Maj. Gen. Rich Neely, the Adjutant General of Illinois and Commander of the Illinois National Guard added to Grass’ comments about the State Partnership Program.

“In addition to being our 300th anniversary, this year we are also celebrating the 30th anniversary of our State Partnership with Poland,” Neely said. “Over these 30 years about 350 Soldiers and Airmen annually participate in military exchanges with the Armed Forces of Poland.
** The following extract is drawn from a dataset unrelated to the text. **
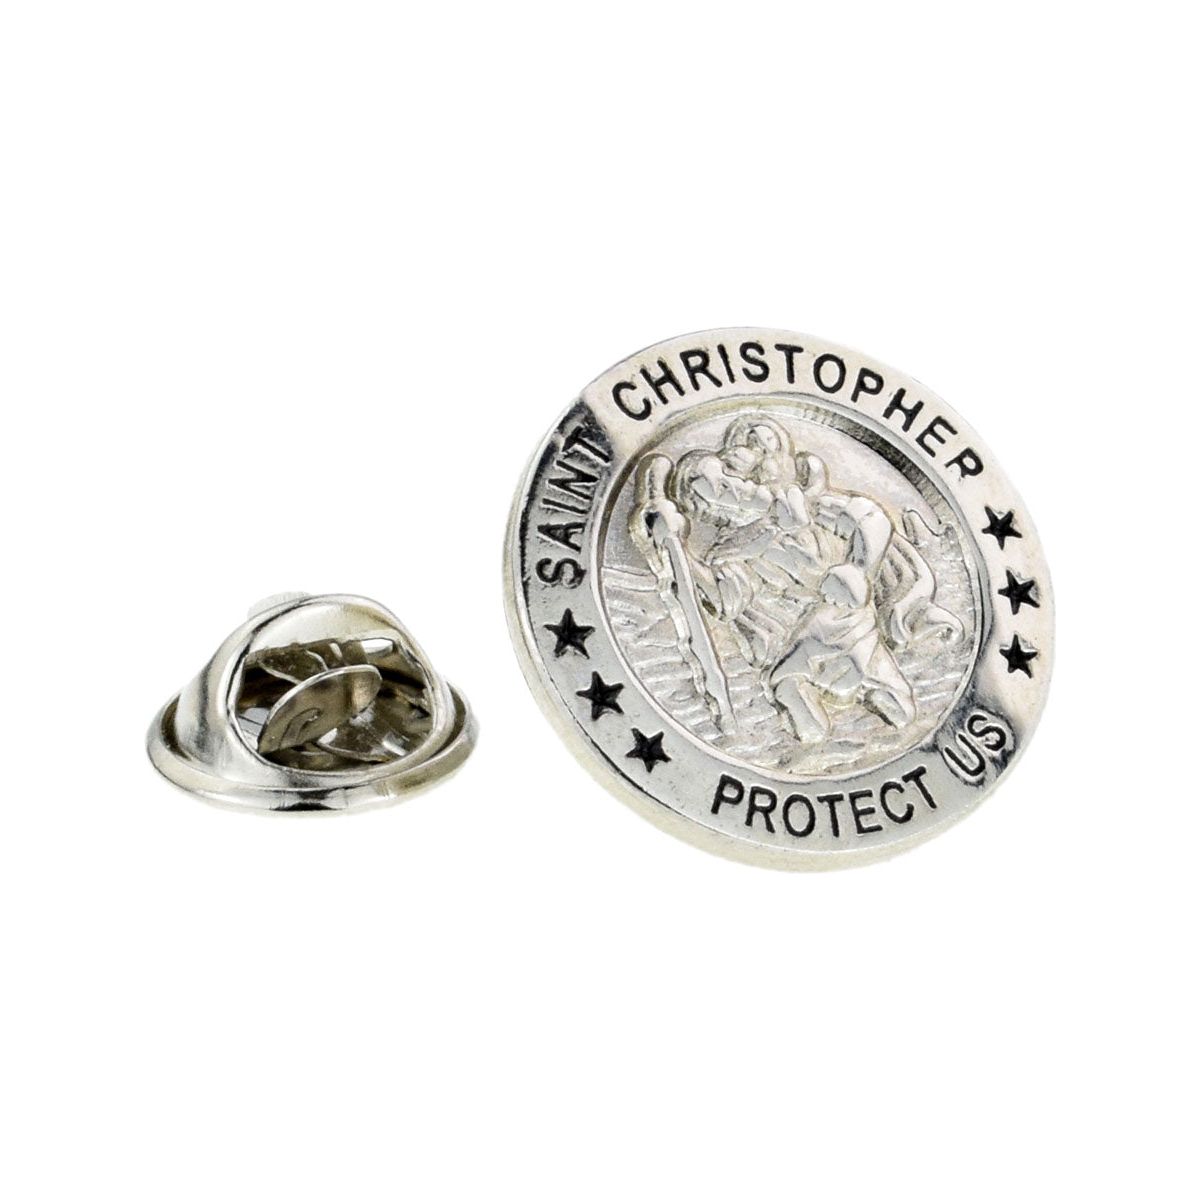 Good Luck Good Fortune Travellers ST CHRISTOPHER Lapel Pin Badge - Ashton and Finch

To date we’ve conducted more than 400 bilateral events.”

Neely said these bilateral engagements have included lending the Illinois National Guard’s experience and expertise to assist in establishing its Territorial Defense Forces in 2017, which is similar to the National Guard here in the U.S.

Neely said those exchanges go both ways. “In April of 2020 a Polish medical team came to Illinois to assist with the State’s COVID-19 response,” he said.

In addition, members of the Illinois National Guard co-deployed on every Polish rotation to Iraq and Afghanistan from 2003 to 2020, which involved more than 30 deployments and more than 32,000 Polish Soldiers. 

“You cannot tell the recent history of the Illinois National Guard without Poland and our State Partnership,” Neely said. “We are grateful to have a large delegation of our Polish counterparts with us here this evening. Thank you for being great partners, and a great part of our Illinois National Guard history.”

Neely said he expects the Illinois National Guard will change over the next 100 years, but the focus will remain the same.

“We should all comfortably expect that in a hundred years at our 400th anniversary the Illinois National Guard will be doing the same great things we do today and have always done,” he said. “We should also expect to hear accounts of landmark innovations, success in cyber space, and effectively integrating emerging technologies including artificial intelligence.

Today, our Illinois National Guard looks vastly different than 300-years ago, and it will look vastly different in 300-years. And we will still need men and women willing to commit themselves to a larger cause.”